New insect pestering people and plants in Willamette Valley

gardening image
Although the ash whitefly showed up in Oregon in 2014, its population increased exponentially this year. Photo by Robin Rosetta.
Last Updated: 
October 16, 2015

CORVALLIS – Clouds of small white-winged insects flying around homes, gardens and even parking lots up and down the Willamette Valley have the public more than a little annoyed.

“The ash whitefly, which was first detected last year, is becoming quite noticeable for most of us, particularly in the metro area, because they’re floating around in high numbers,” said Robin Rosetta, an entomologist with Oregon State University’s Extension Service.

“Many are familiar with whiteflies, but this is a new one. How impactful it will be is yet to be seen.”

So far, limited plant damage has been detected in Oregon, according to Rosetta, though the ash whitefly (Siphoninus phillyeae) can cause curled or stunted leaves and, in some cases, defoliation. The sap-sucking insect has a long list of plants it prefers. In California, where it showed up in 1988 and has largely disappeared due to an introduced parasitic wasp, there were about 40 host plants. In Oregon, they’ve been seen on Oregon ash, ornamental pear, hawthorn and flowering quince.

Other plants such as boxwood, barberry, rhododendrons and azaleas appear to attract the insect, but it doesn’t seem to be reproducing on these plants. More likely the whiteflies are moving them for winter protection.

Comments and questions about the aggravating insect are trending on social media and lighting up the hotlines of Extension’s Master Gardeners.

“There are a lot of calls,” said Margaret Bayne, administrative specialist for the Master Gardener program in the Portland metro area. “We’re telling people not to worry and to wait for OSU and the Oregon Department of Agriculture to monitor it and make recommendations.”

In addition to the large number of whiteflies floating around, people will begin to notice they secrete a substance similar to the honeydew produced by aphids.

“It’s a sticky goo that can rain down on sidewalks and cars and be a real nuisance for people,” Rosetta said. “That will be what pushes people to ask about pesticides.”

Chemicals won’t have much of an effect, however, because the plants get re-infested so quickly.

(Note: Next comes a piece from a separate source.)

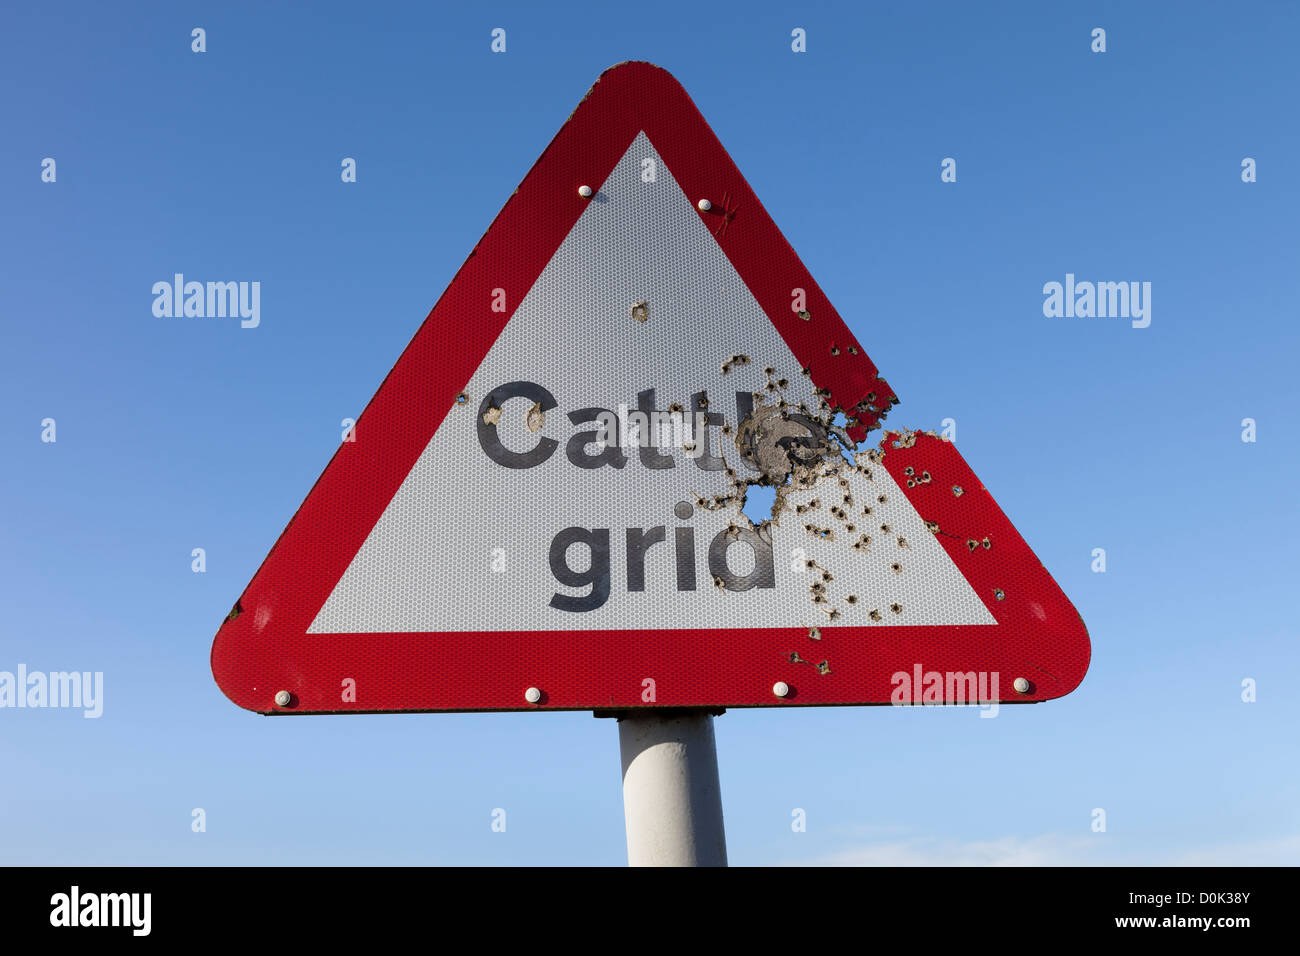 Cattle Grid Road Sign Damaged by Shotgun Pellets UK Stock Photo

“In one or two weeks it will look like you haven’t sprayed at all,” she said. “I don’t recommend spraying at this point. The plants like ash and ornamental pear where we’re seeing multiple life stages are all deciduous and the leaves will fall soon.”

Until more monitoring is done, recommendations are sparse. Using sticky traps may help, as well as raking up infested leaves.

In California, the population of ash whitefly declined by 99 percent within two years after the introduction of a parasitic wasp that is a natural predator, Rosetta said. She and officials at the Oregon Department of Agriculture hope the wasp will show up in Oregon on its own, or that they can get regulations in place in the next two to three years to import the insect.

“Bio-control is a pretty cool thing,” Rosetta said. “We have to be patient in the meantime. So sit tight.”

Though other whiteflies are common in Oregon, including the ubiquitous greenhouse type, the juvenile ash whitefly is distinctive. The tiny eggs, which are laid on the underside of leaves, are pale yellow and hatch into nymphs that are almost translucent at first and then more opaque as they become covered in tufts of white wax, according to Rosetta. They develop into brown, egg-shaped young insects – called pupae – that can cause injury to the plant by sucking out its sap. 

As temperatures drop, the insects will become sluggish in their reproduction and activity and will largely disappear from sight with freezing weather. In spring, the whiteflies start multiplying more quickly and by late summer and fall numbers are high. How many are around next year depends on winter temperatures. A mild winter could mean even more next season.